当前位置：网站首页>Tensorflow—Neural Style Transfer

Tensorflow—Neural Style Transfer

2022-07-03 10:27:00 【JallinRichel】

Style transfer [Style_transfer] Learning notes ——Tensorflow

The actual effect of the tutorial is shown
Overview of style transfer & The implementation idea of this tutorial
- Overview of style transfer
- The implementation idea of this tutorial
Preparation
- Software preparation
- Data preparation （ Download content and style pictures ）
Code implementation
Thank you for watching ！！！

explain ： This article is for the author to learn Tensorflow Study notes during the official tutorial , Now it is sorted out for your reference . You can read and learn this article as the Chinese translation of the official tutorial . The code of this tutorial is consistent with the official code , There are only a few minor changes .

Tensorflow The official tutorial link is attached at the end of the article .

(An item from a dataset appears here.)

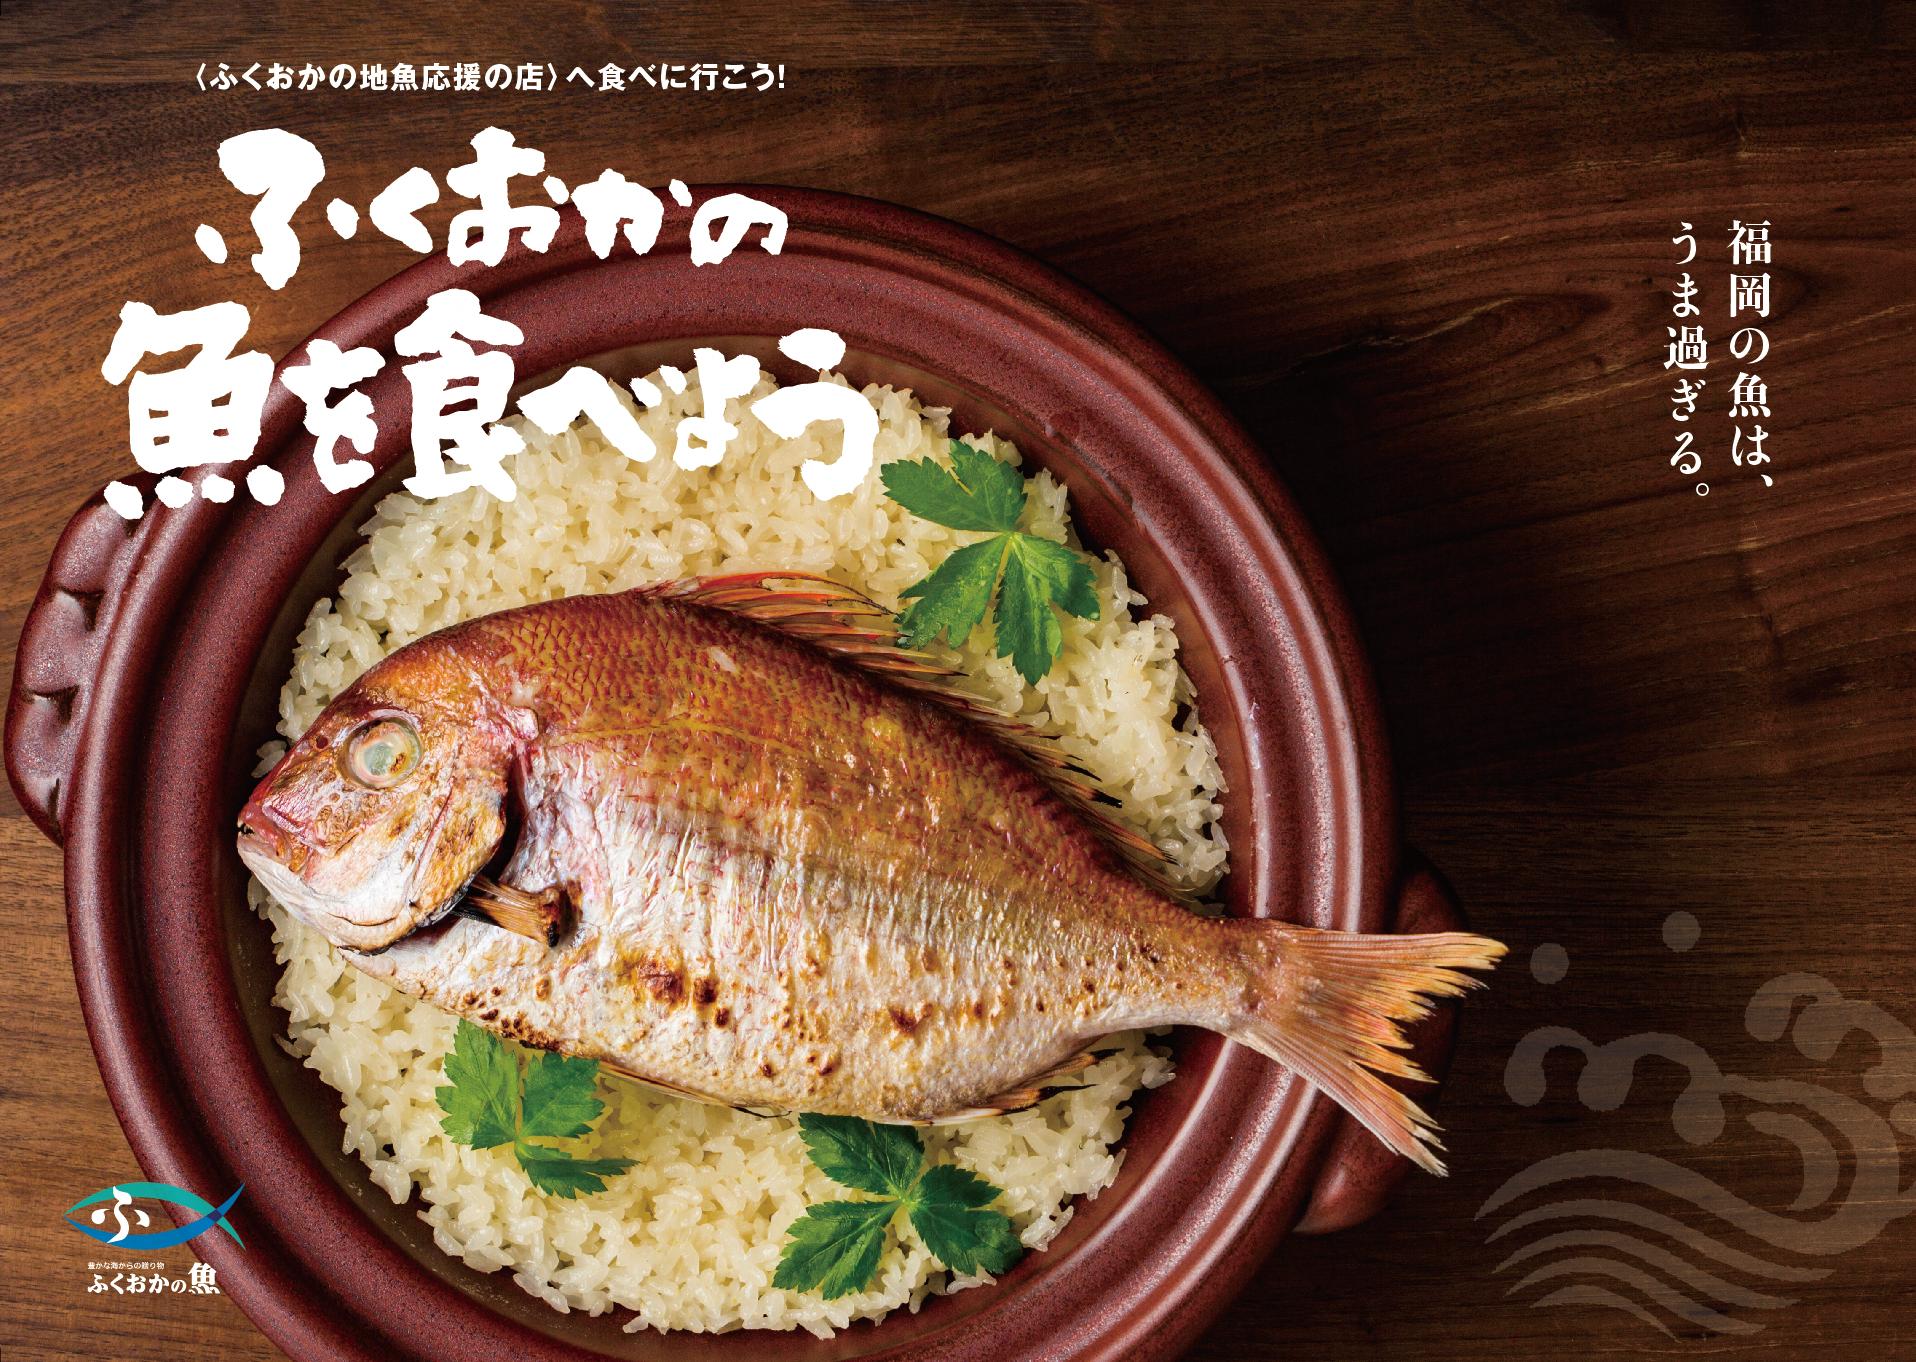 ふくおかの魚フェア 始まります!に関する画像

The actual effect of the tutorial is shown

This tutorial will use pictures 1 With pictures 2 Generate pictures 3

picture 1—— Content picture ¹

Content picture ,url：https://storage.googleapis.com/download.tensorflow.org/example_images/YellowLabradorLooking_new.jpg
picture 2—— Style picture ²

Insert picture description here
picture 3—— Result pictures （ Parameter setting epoch=10, step_per_epoch=100）

Insert picture description here

Overview of style transfer & The implementation idea of this tutorial

Overview of style transfer

The image passes by The covariance matrix of the feature map obtained after convolution layer can well characterize the texture features of the image , But it will lose location information . But in the task of style transfer , We can ignore the disadvantage of location information loss , Just find a way to represent the texture information of the image , And transfer these texture information to the image that needs to be transferred by style , Complete the task of style migration .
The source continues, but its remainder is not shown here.